Putting Intel to Work
Against ELF and ALF Terrorists

06/30/08

Colorado Ski Resort in FlamesIn early 2006, eco-terrorist Eric McDavid and two associates met in a secluded cabin in Dutch Flat, California to discuss making improvised explosive devices and to choose targets to bomb. Soon after, they began casing the targeted facilities and buying supplies to make bombs. But before they started mixing the ingredients, we swooped in and arrested them.

How did we know what McDavid was up to? How were we able to prevent attacks that could have caused thousands or millions of dollars in property damage and possibly harmed people?

In a word, intelligence.

Our intelligence—which included the use of an FBI source who was actually with McDavid and his associates inside that California cabin—allowed us to piece together the entire plot ahead of time.

Since 9/11, we have greatly strengthened our ability to identify, collect, analyze, and share intelligence across all of our national security and criminal priorities. And that has carried over into our investigations of violence and terror committed in the name of the environment—as well as of animal rights.

Together, eco-terrorists and animal rights extremists are one of the most serious domestic terrorism threats in the U.S. today…for several good reasons:

  • The sheer volume of their crimes (over 2,000 since 1979);
  • The huge economic impact (losses of more than $110 million since 1979);
  • The wide range of victims (from international corporations to lumber companies to animal testing facilities to genetic research firms); and
  • Their increasingly violent rhetoric and tactics (one recent communiqué sent to a California product testing company said: “You might be able to protect your buildings, but can you protect the homes of every employee?”).

ELF and ALF are probably the names you’re most familiar with. The Earth Liberation Front (ELF) and the Animal Liberation Front (ALF) are loosely-organized movements whose adherents engage in crimes like arson, fire bombings, vandalism, intimidation, assaults, stalking, etc. No membership dues are necessary—the only way to become a “member” is to engage in “direct action”…criminal activity designed to cause economic loss or destroy the victim company’s operations.
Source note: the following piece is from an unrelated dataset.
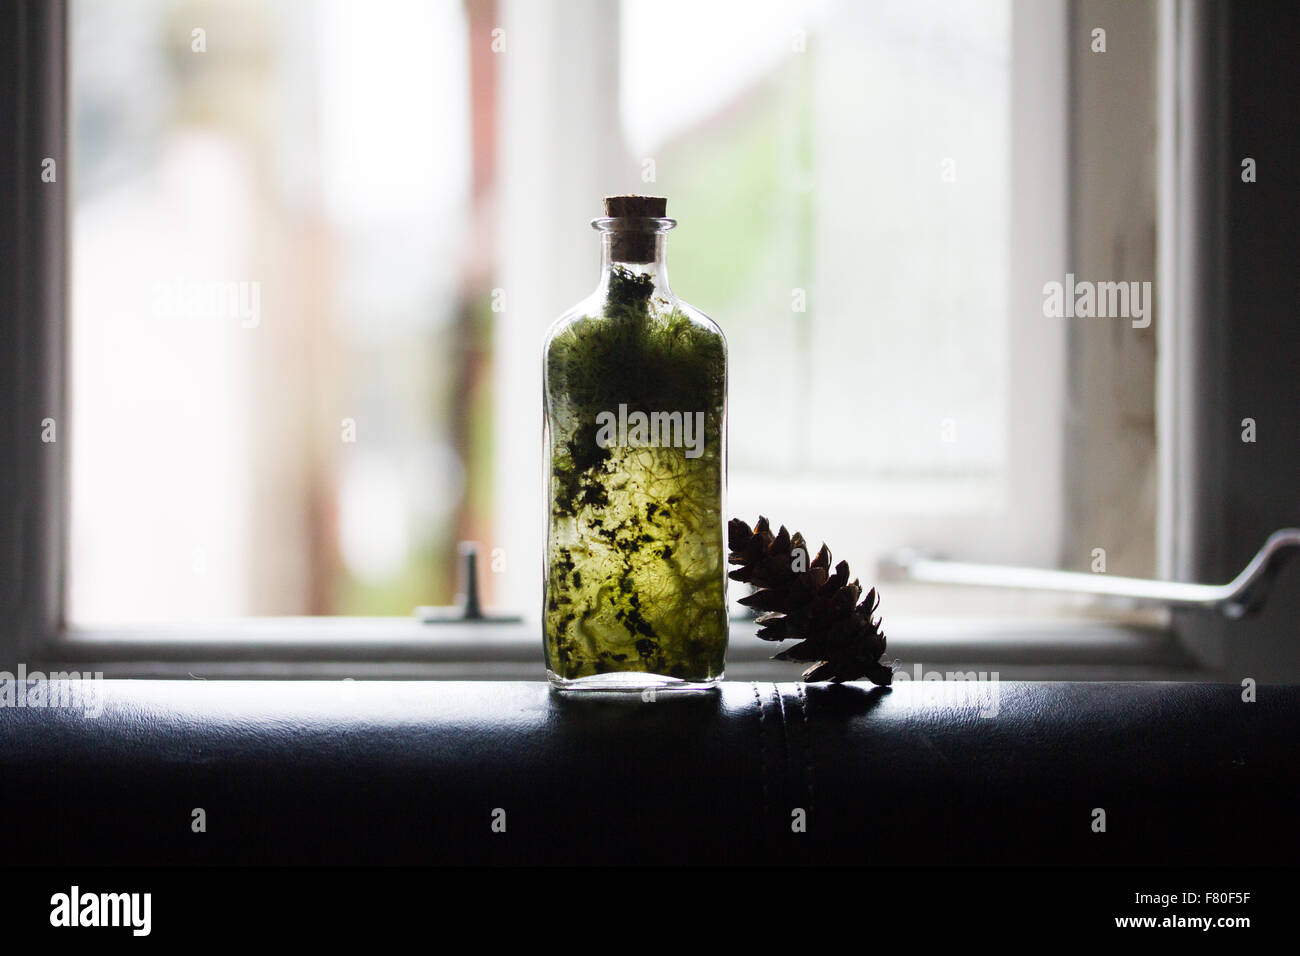 Terrarium in a bottle. Stock Photo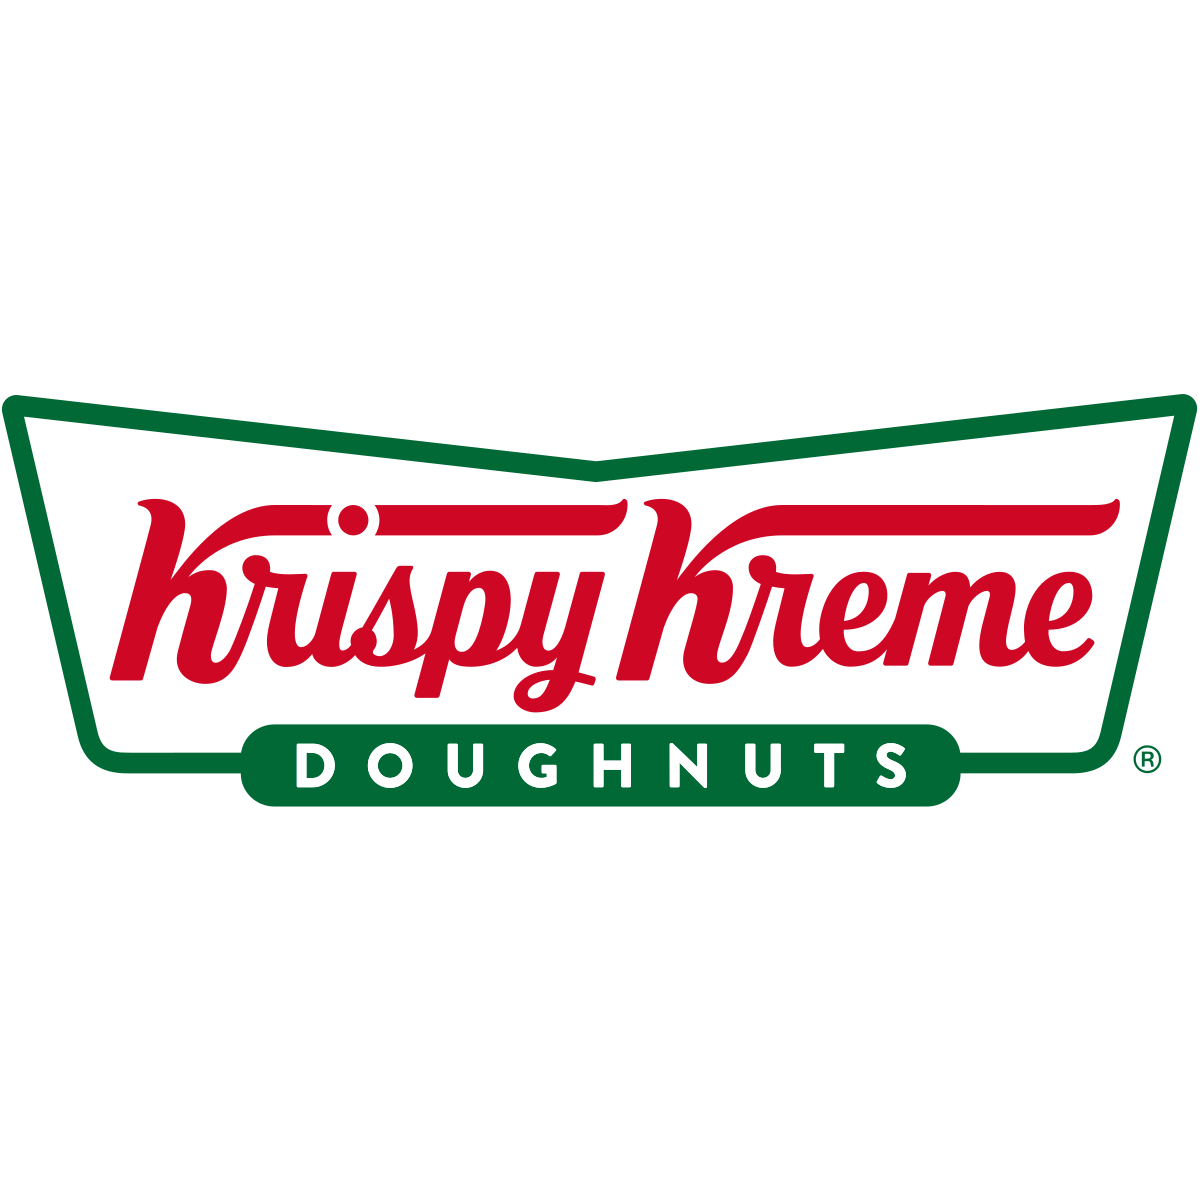 Krispy Kreme Cribbs Causeway - Bristol, Gloucestershire BS34 5DG - 01276 601170 | ShowMeLocal.com

So what are we doing to counter the threat? For one, we’ve mapped our environmental and animal rights extremism cases in order to give our investigators around the country and our executive management a big-picture look at what’s happening and where. We’re also analyzing information from financial records, phone records, and mail…and working to increase our human source reporting. And we’re sharing intelligence with our partners through our Joint Terrorism Task Forces and other investigative endeavors. Sharing info with our partners, particularly at the local level, is crucial because many times they’re the first ones at the crime scene.

We’re also taking advantage of the 2006 revision to the Animal Enterprise Terrorism Act, which toughened penalties, created additional protections for people (the original law only covered property damage), and included secondary targets (often times companies that do business with primary targets are themselves targeted).

Our efforts have paid off—since 2005, our investigations have resulted in indictments against 30 individuals.

Of course, fully cognizant of the right to free speech, we investigate all animal rights and environmental extremism cases in strict accordance with the law and our guidelines.

So whatever happened to Eric McDavid? In May, he was sentenced to nearly 20 years in federal prison.